= INFORMATION SUPPLIED =
######

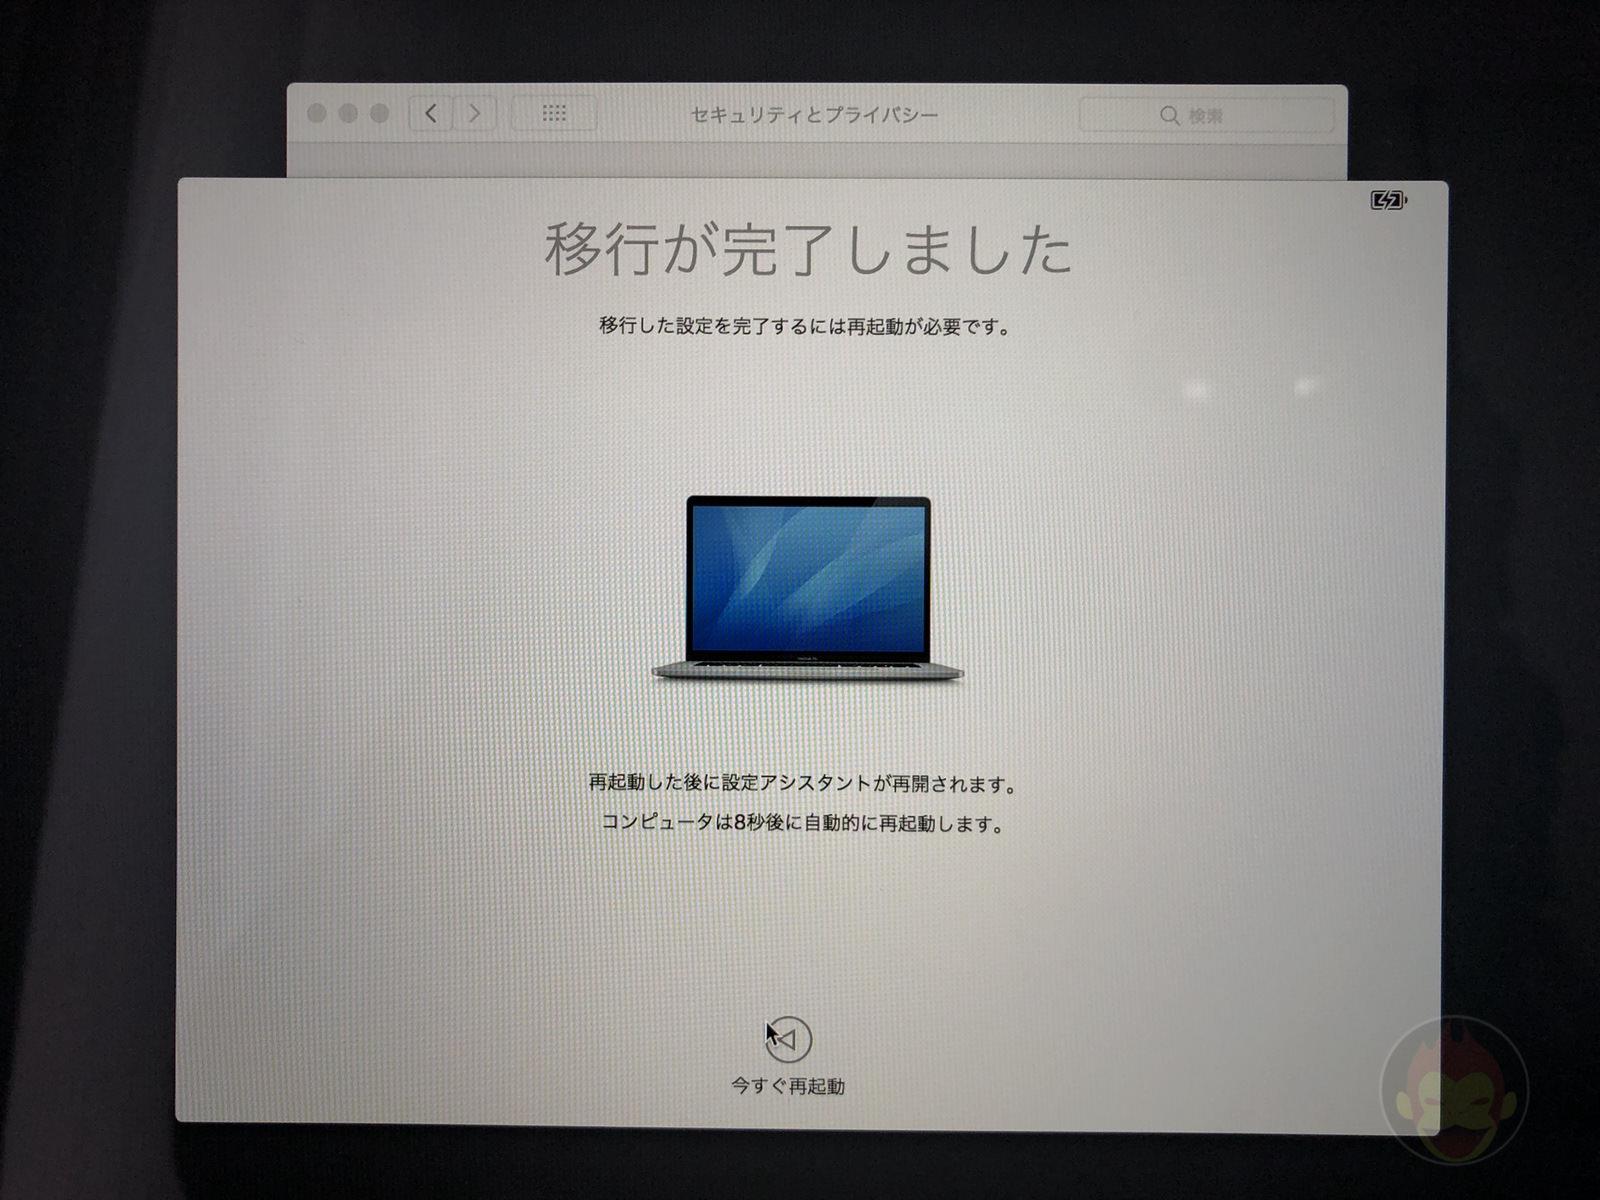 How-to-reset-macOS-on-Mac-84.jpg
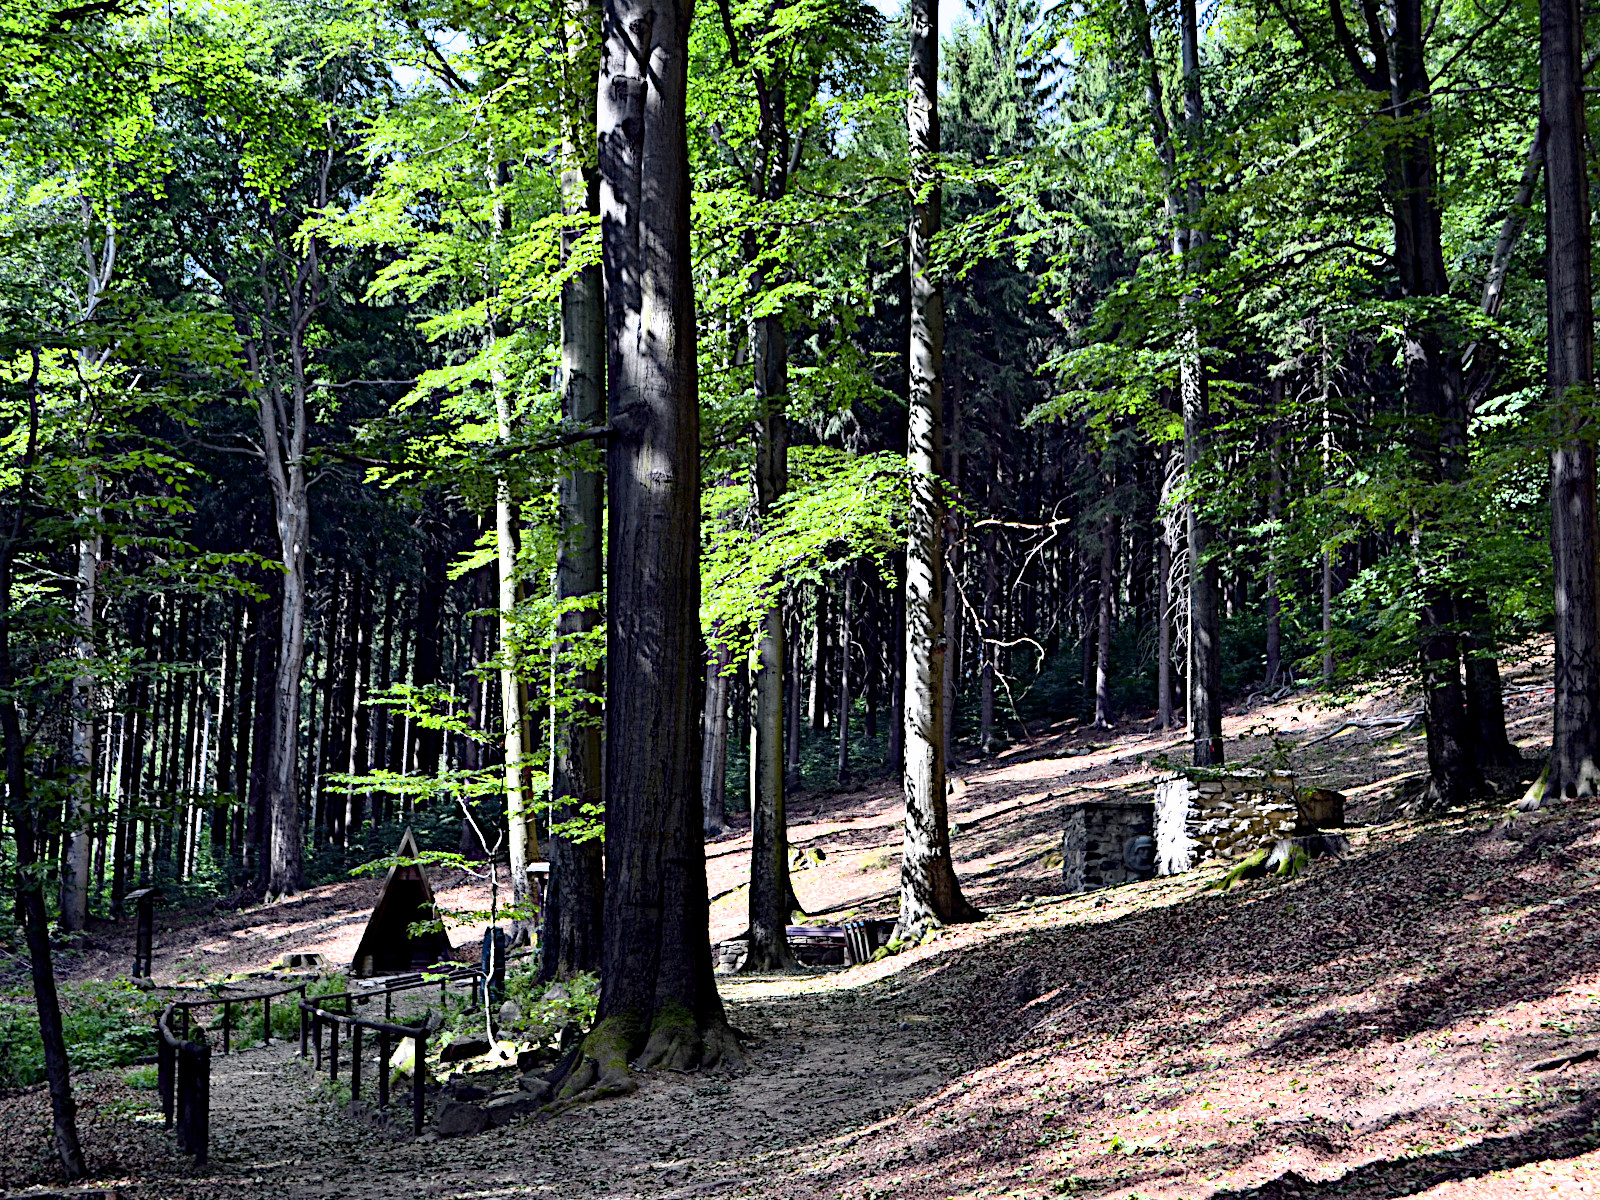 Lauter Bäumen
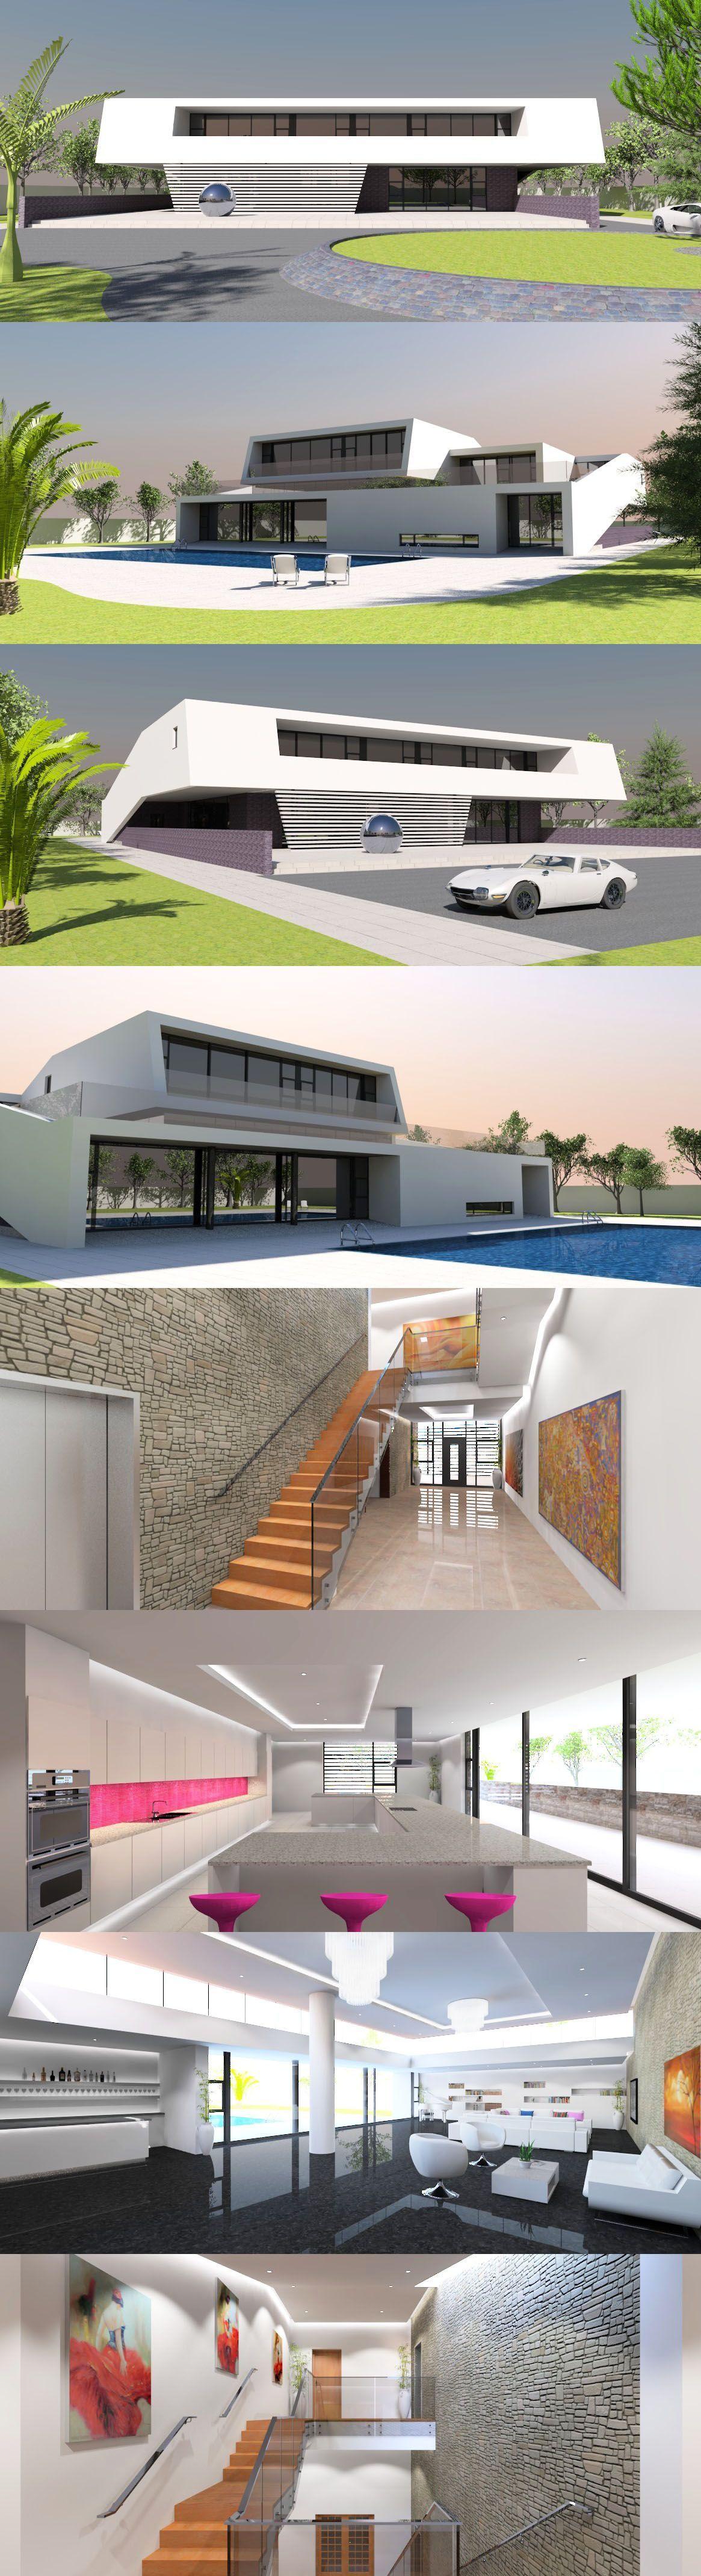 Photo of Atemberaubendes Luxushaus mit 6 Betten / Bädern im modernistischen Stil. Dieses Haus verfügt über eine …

######

Give back the data verbatim. The pictures are not part of the copy.

 How-to-reset-macOS-on-Mac-84.jpg
 Lauter Bäumen
 Photo of Atemberaubendes Luxushaus mit 6 Betten / Bädern im modernistischen Stil. Dieses Haus verfügt über eine …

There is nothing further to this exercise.